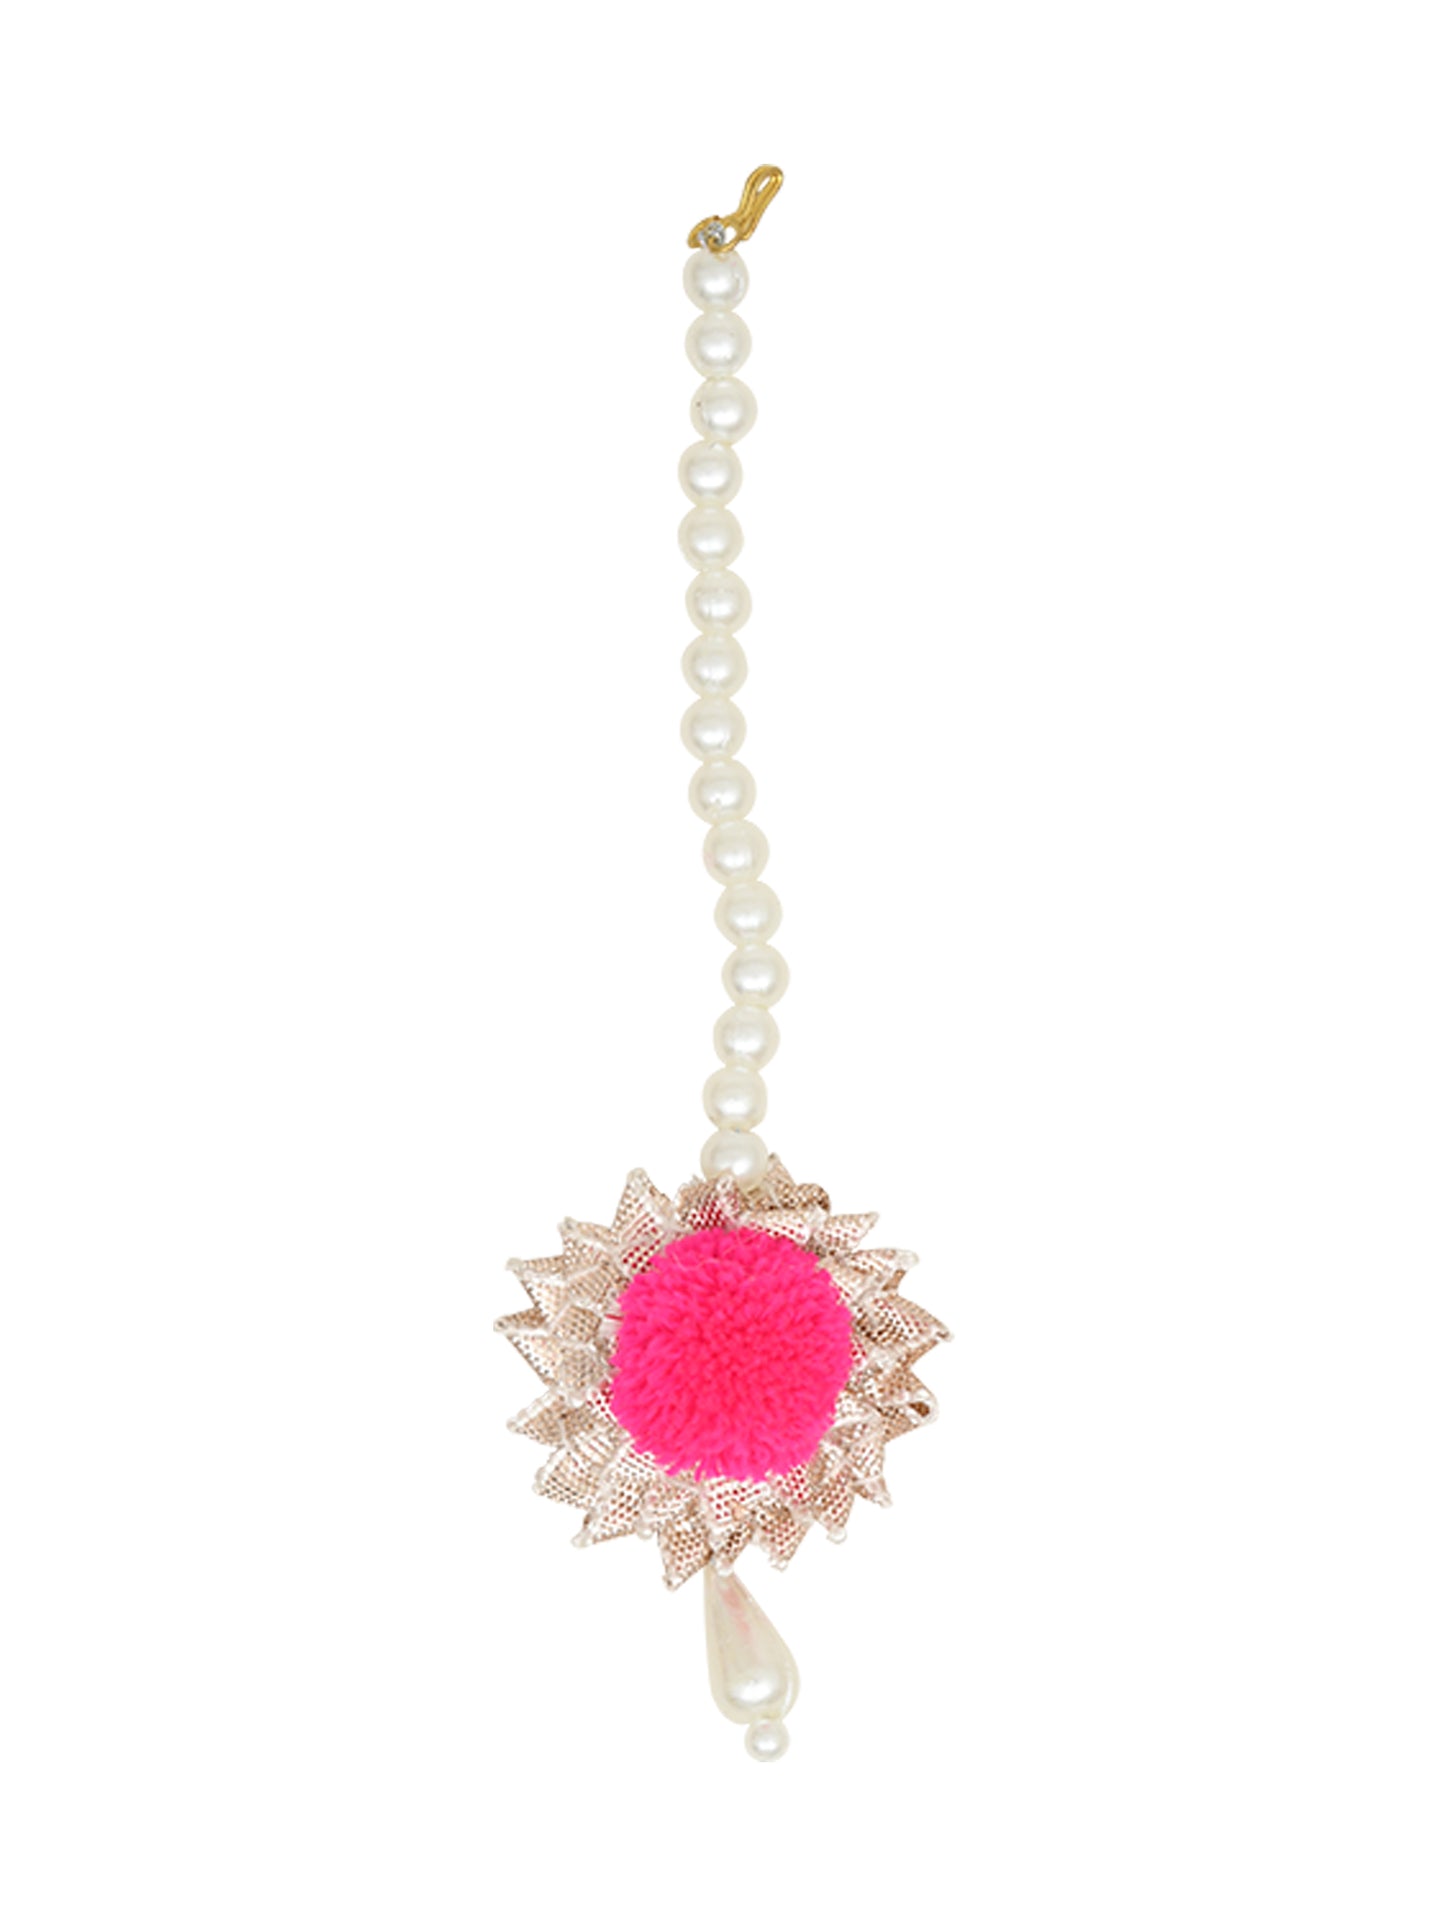 Pink Pom Pom Jewellery for Girls (Set Pack of 4)
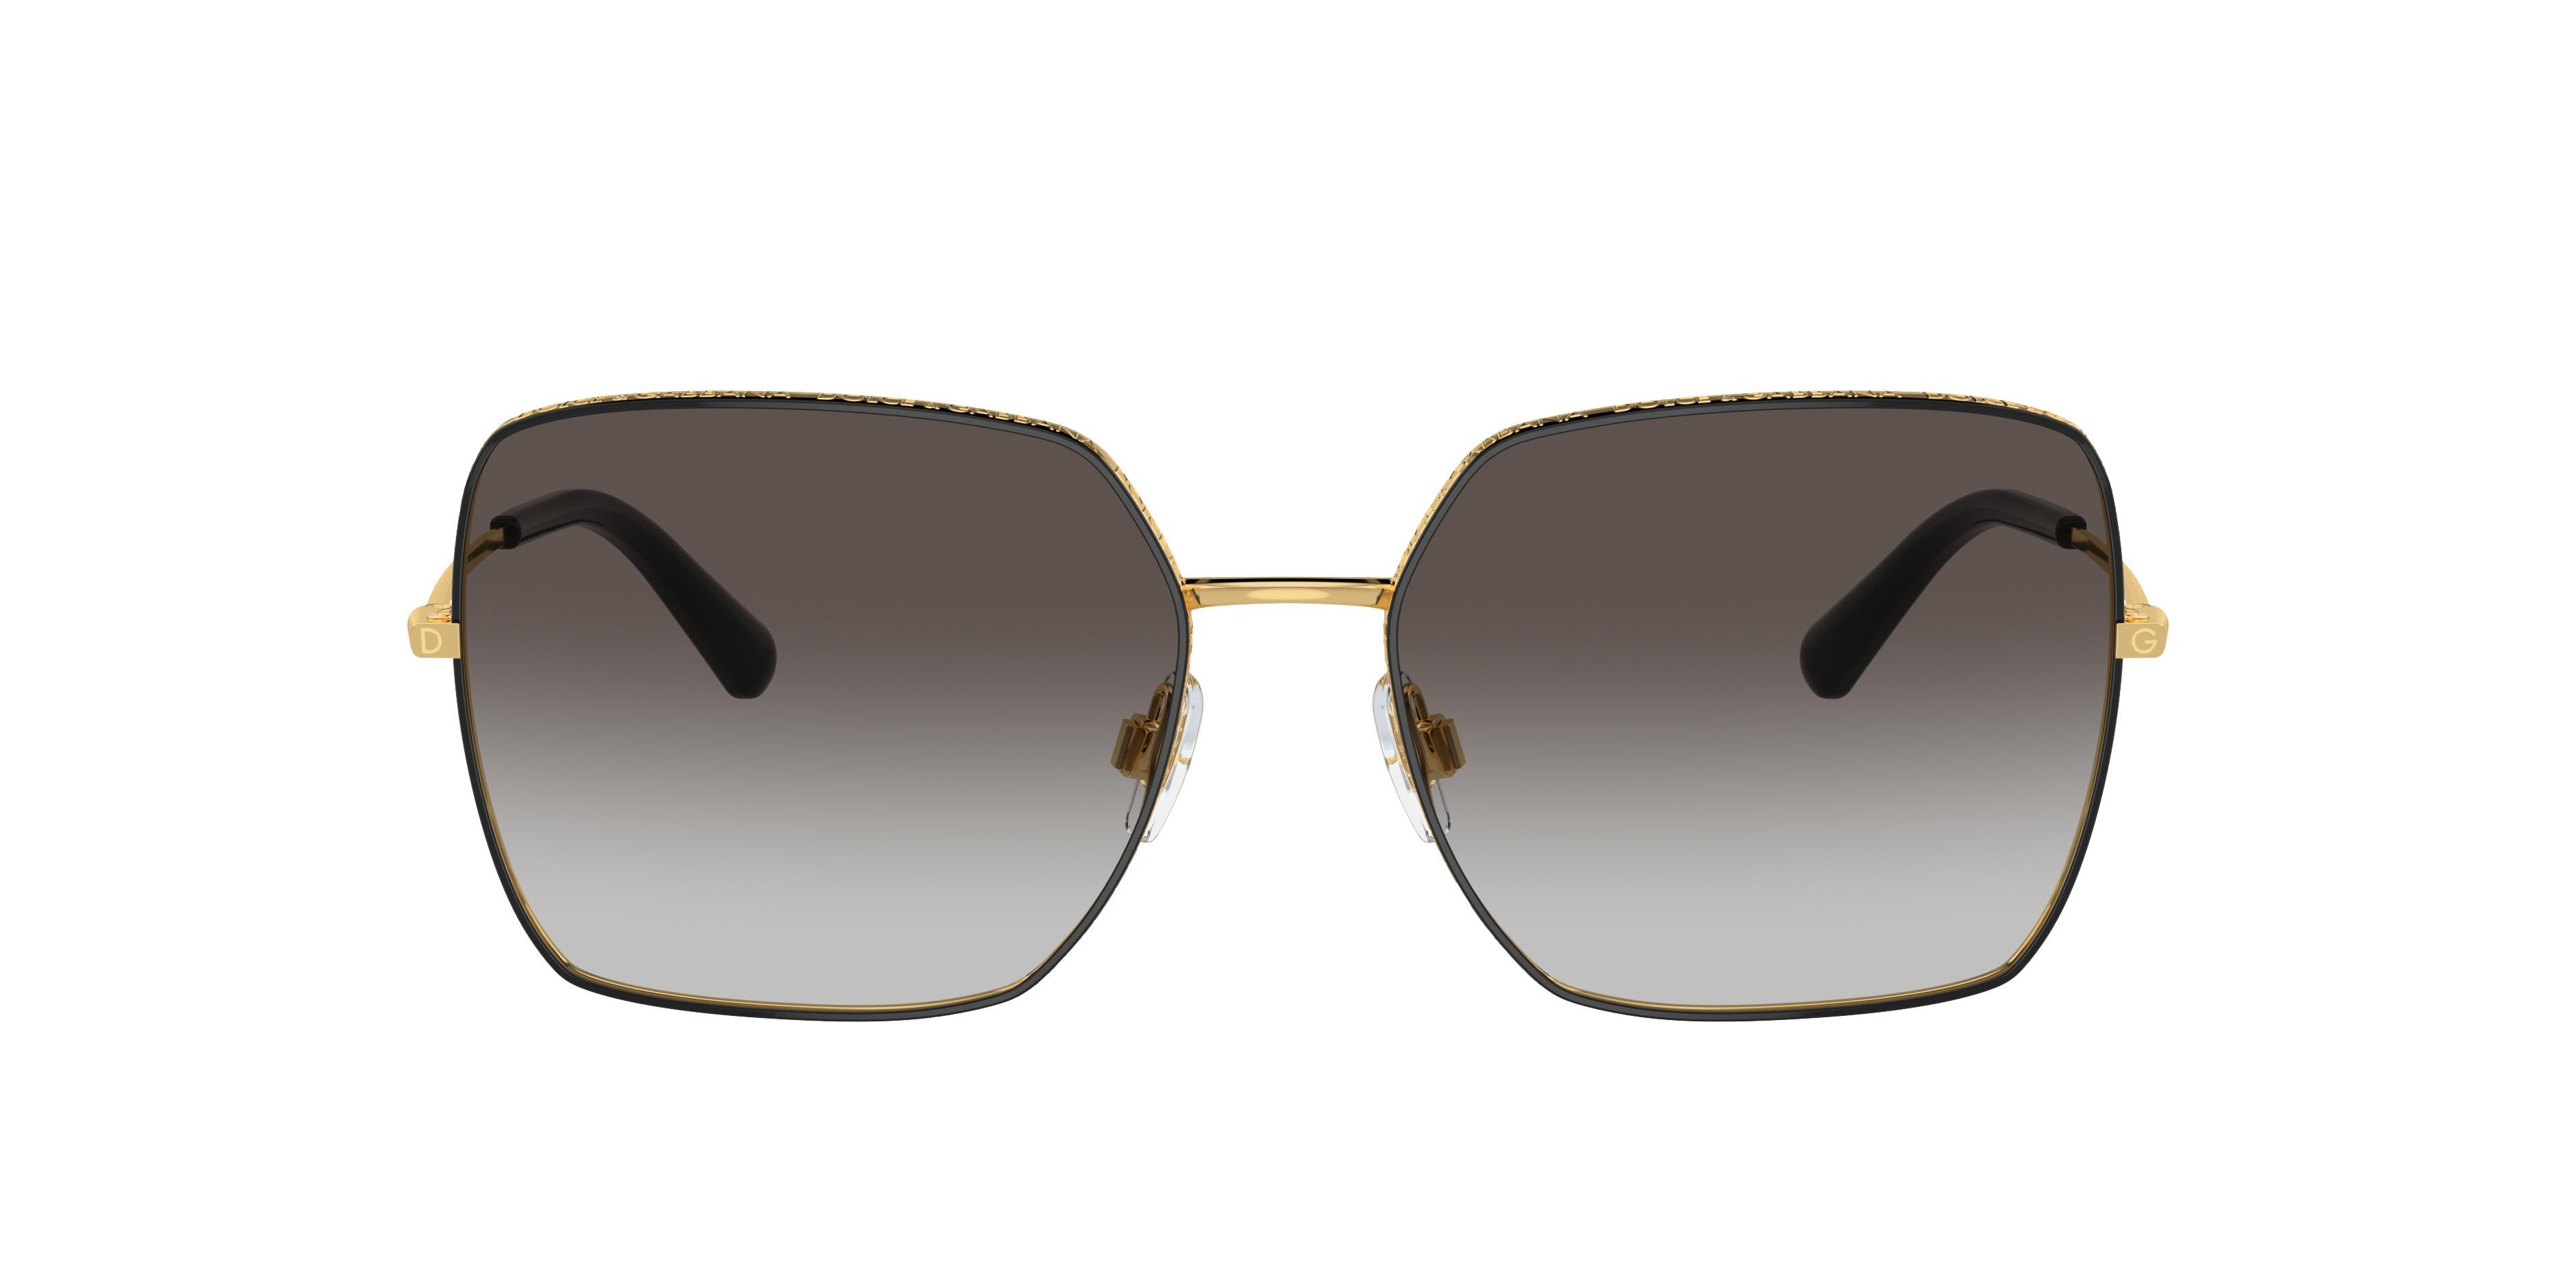 Dolce & Gabbana 57mm Gradient Square Sunglasses Product Image
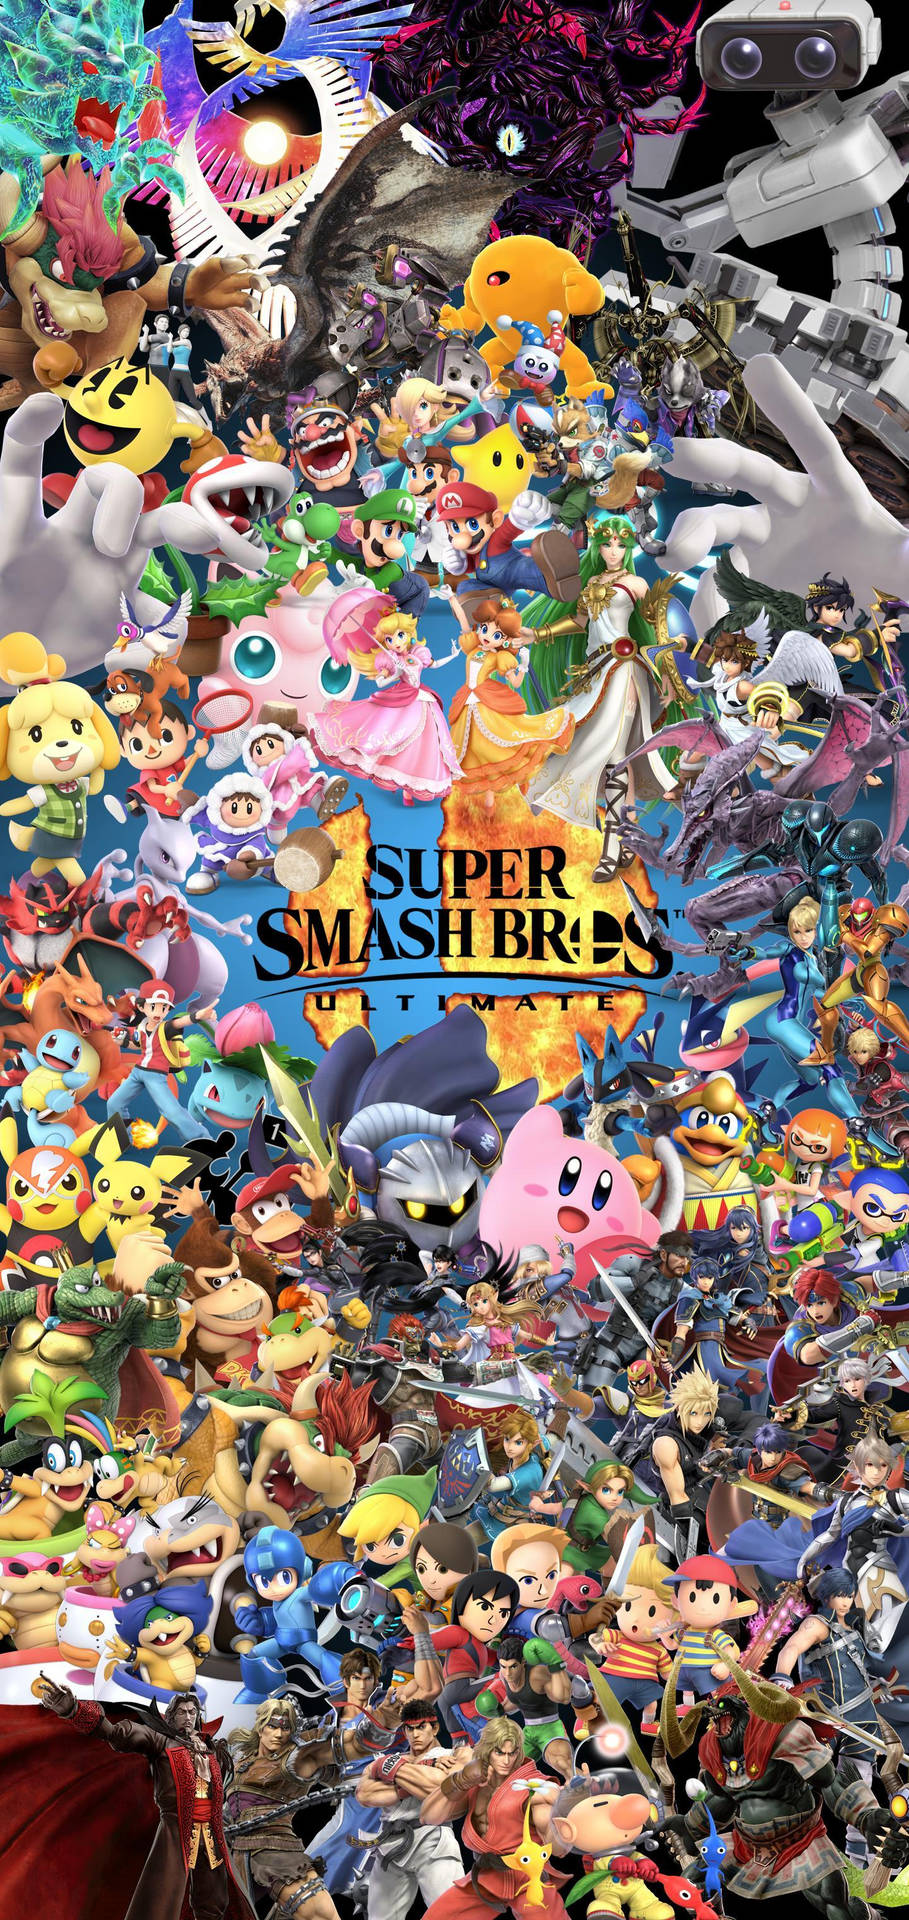 Fondos De Super Smash Bros Ultimate

◆ Requirement ◆
What is needed is an exact copy of every line from the one with "Dolce & Gabbana" to the end of the listing above, with the pictures left out.

◆ Task response ◆
 Dolce & Gabbana 57mm Gradient Square Sunglasses Product Image
 Fondos De Super Smash Bros Ultimate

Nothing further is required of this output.